[Data provided]
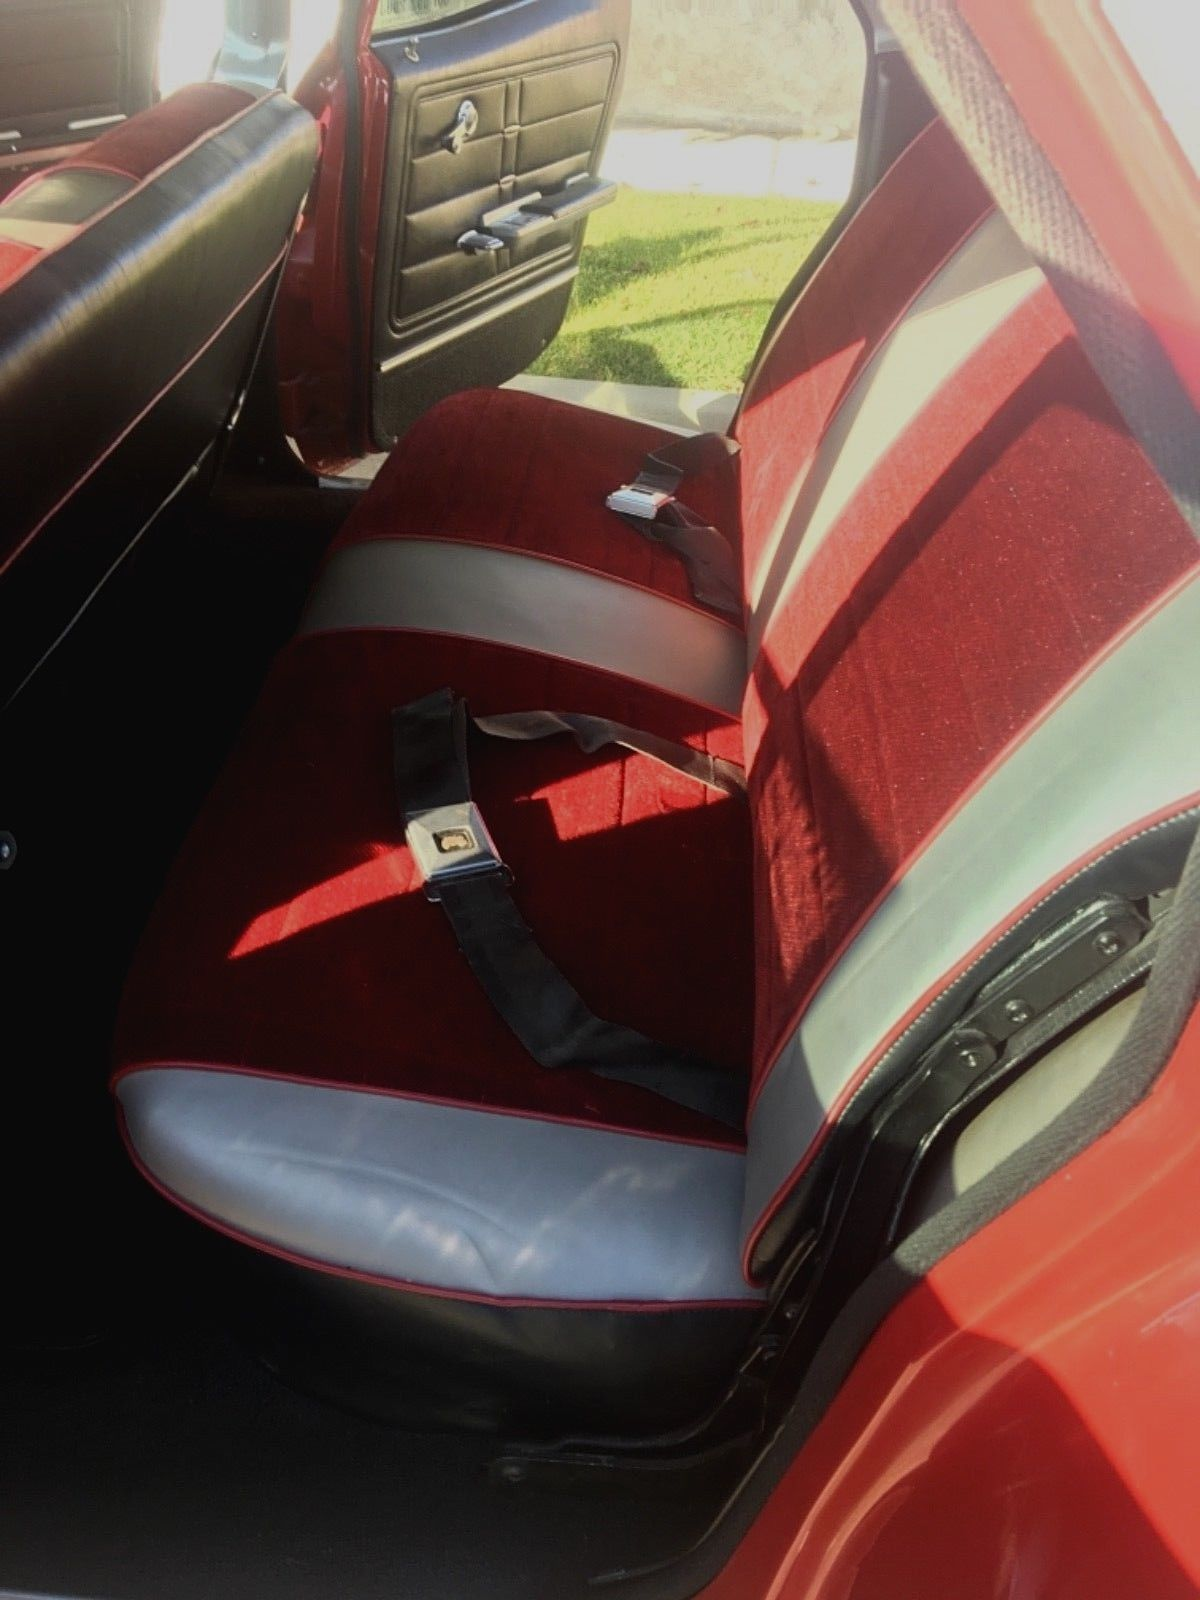 1966 Impala Wagon interior
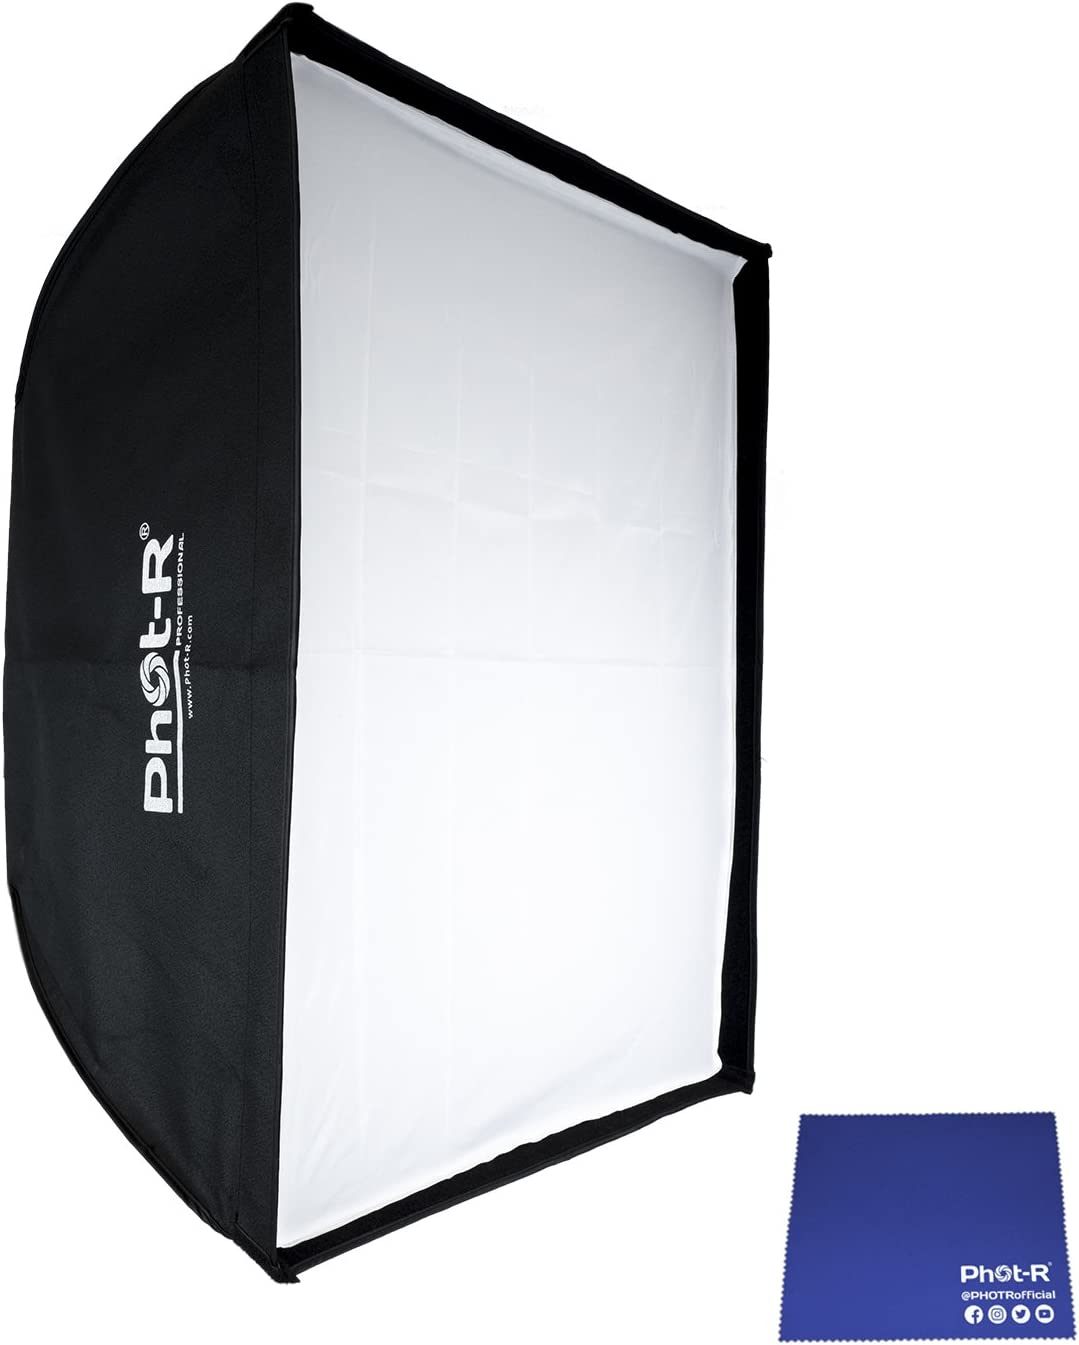 Phot-R Professional 22 x 90 cm Rectangular Folding Umbrella Strip Softbox and Honeycomb Grid with Bowens S Type Mount Speedring Studio Strobe Flash Chamois Cloth
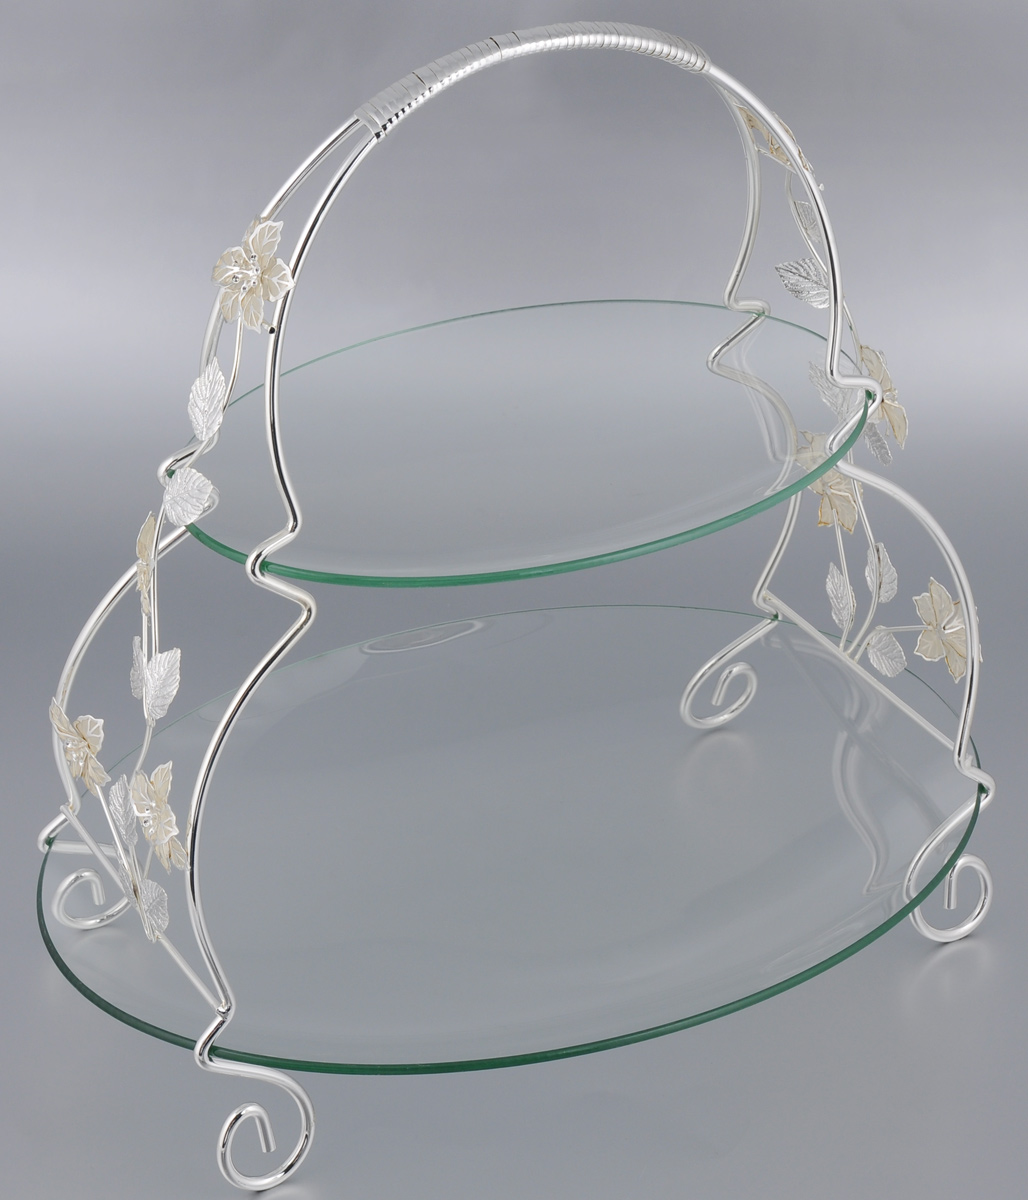 Ваза универсальная Marquis, 2 яруса. 3101-MR ваза керамическая 20 х 11 х 41 см

[Required action]
Go through the material above and print all of it exactly, except the pictures.

[Your solution]
 1966 Impala Wagon interior
 Phot-R Professional 22 x 90 cm Rectangular Folding Umbrella Strip Softbox and Honeycomb Grid with Bowens S Type Mount Speedring Studio Strobe Flash Chamois Cloth
 Ваза универсальная Marquis, 2 яруса. 3101-MR ваза керамическая 20 х 11 х 41 см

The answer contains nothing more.